Not so safe now, are ya Jimi?
tv with legs
crabs are cold blooded just to let you know
Jimi still has a human organ system, you know.

But, just so you shut up about it, *switches to night-vision and turns off the lights in the bar*
torn love notes
Good thinking

*Jimi is once again trapped under the forces of doc*

*Twl celebrates by raving to music that has nothing to do with rave music, lets say Mates Of State* huh.gif
You know guys, there's a much easier way to find him.

Jimi! If you don't stop hiding, we're gonna sell you to the Red Lobster!
*wakes up from the corner she has been asleep in, listening to Frank Zappa...*


*thinks for a bit*

Crabs have pincers. Not claws.

Ah ha!
Found him! laugh.gif

But he is now protected under the crab protection act, brought about by months of previous protests by Peta members...
tv with legs
*TWL celebrates by getting drunkand wearing a traffic cone on his head while naked*
*TNL, VIMH, and Doc tie up TWL naked to a lamp post and take pictures of him*...
*Jimi, highly confused, morphs back into Jimi shape*


Doo doo dee doo doo doo doo dee doo doo doo...

*Jimi pours self drink*
Dang it! I had the pot of boiling water ready and everything!

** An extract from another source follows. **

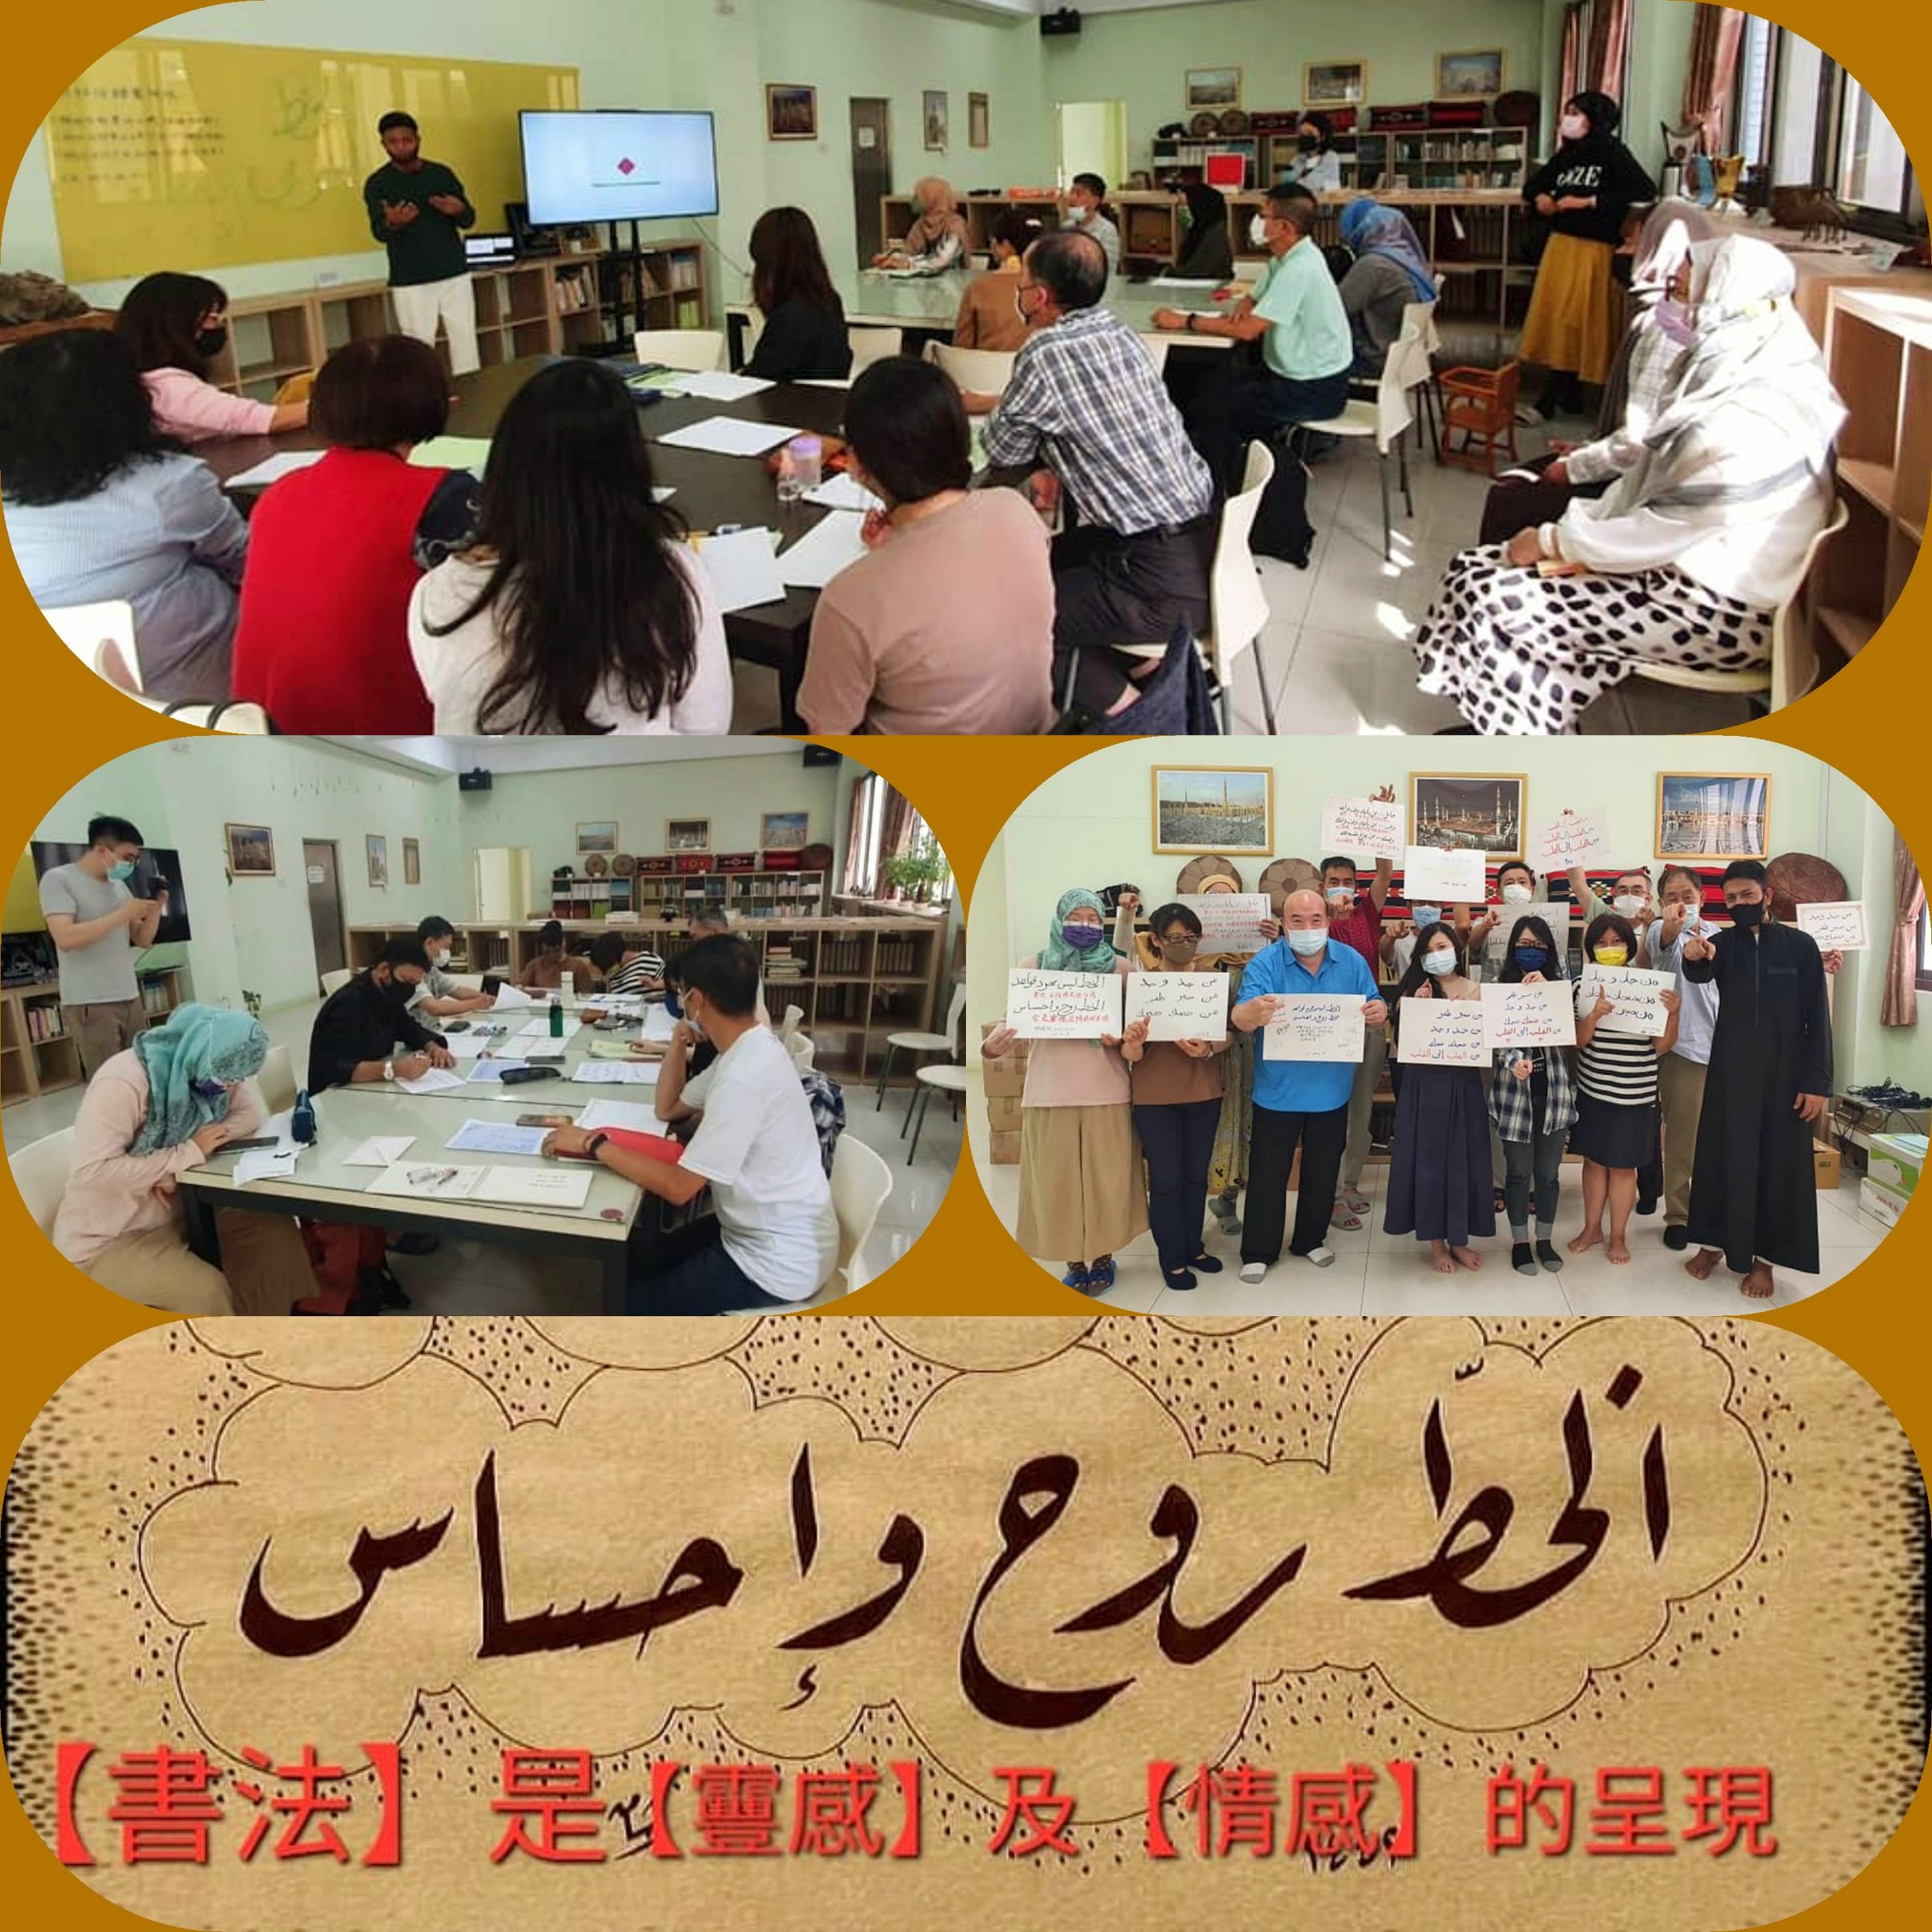 أطلق مسجد تايجون في تايوان الدورة الثانية لـ"الخط العربي وفنونه" لرغبة المشاركين في الدورة الأولى على مواصلة التعلم وعدم التوقف.

QUOTE (tv with legs @ Jul 22 2005, 01:17 AM)
*TNL, VIMH, and Doc tie up TWL naked to a lamp post and take pictures of him*...

You guys can keep the pictures. really. I don't mind.
tv with legs
*wakes up blink.gif *
where am i *notices im 15 feet above the ground*
*throws blanket over TWL*

maybe tomorow.
tv with legs
get me off*wiggles* oomph get me off
Ha ha ha, no.

*sits in front of storage room door with Gauss cannon*
Ooh, cannonlike.

Any old iron? Any old iron?
There's a fork in the road, here.

1. If you were NOT making an obscure reference, then: Well, I COULD fire and old piece of iron out of it.

2. If you WERE making an obscure reference, then I will go ahead and say: I have no idea what you are talking about.
*walks into bar naked*

A vodka and coke, if you would barkeep.
I meant as in those iron mongers who want iron to sell and smelt to make other iron things.

No, it was not obscure. I think that's usually covered by my general oscureness.

*Jimi starts fiddling about with a midi keyboard*

OK, now when I hit play, the magicalness of computer midi synths will be coming out of my keyboard!



Vinegar and baking powder again, please.

*Jimi makes 'bomb*

*Jimi hides bomb in wall*

*Gooey vinegarey foam begins to seep from under wall*

Ah, to hell with it.

*Jimi throws grenade*
*fields grenade, and tosses it outside*
Pyrotechnics = Patio. Okay?

*glances up at TWL, grins*
I also have no interest in getting you off. tongue.gif
I may free you later if you quit packing weaponry into the Bar, maybe.

*serves up L.Bear's drink*
How is DHG lately? Do you see him at all over summer holidays?
QUOTE (Ashbless @ Jul 24 2005, 08:47 PM)
*glances up at TWL, grins*
I also have no interest in getting you off.  tongue.gif 
I may free you later if you quit packing weaponry into the Bar, maybe.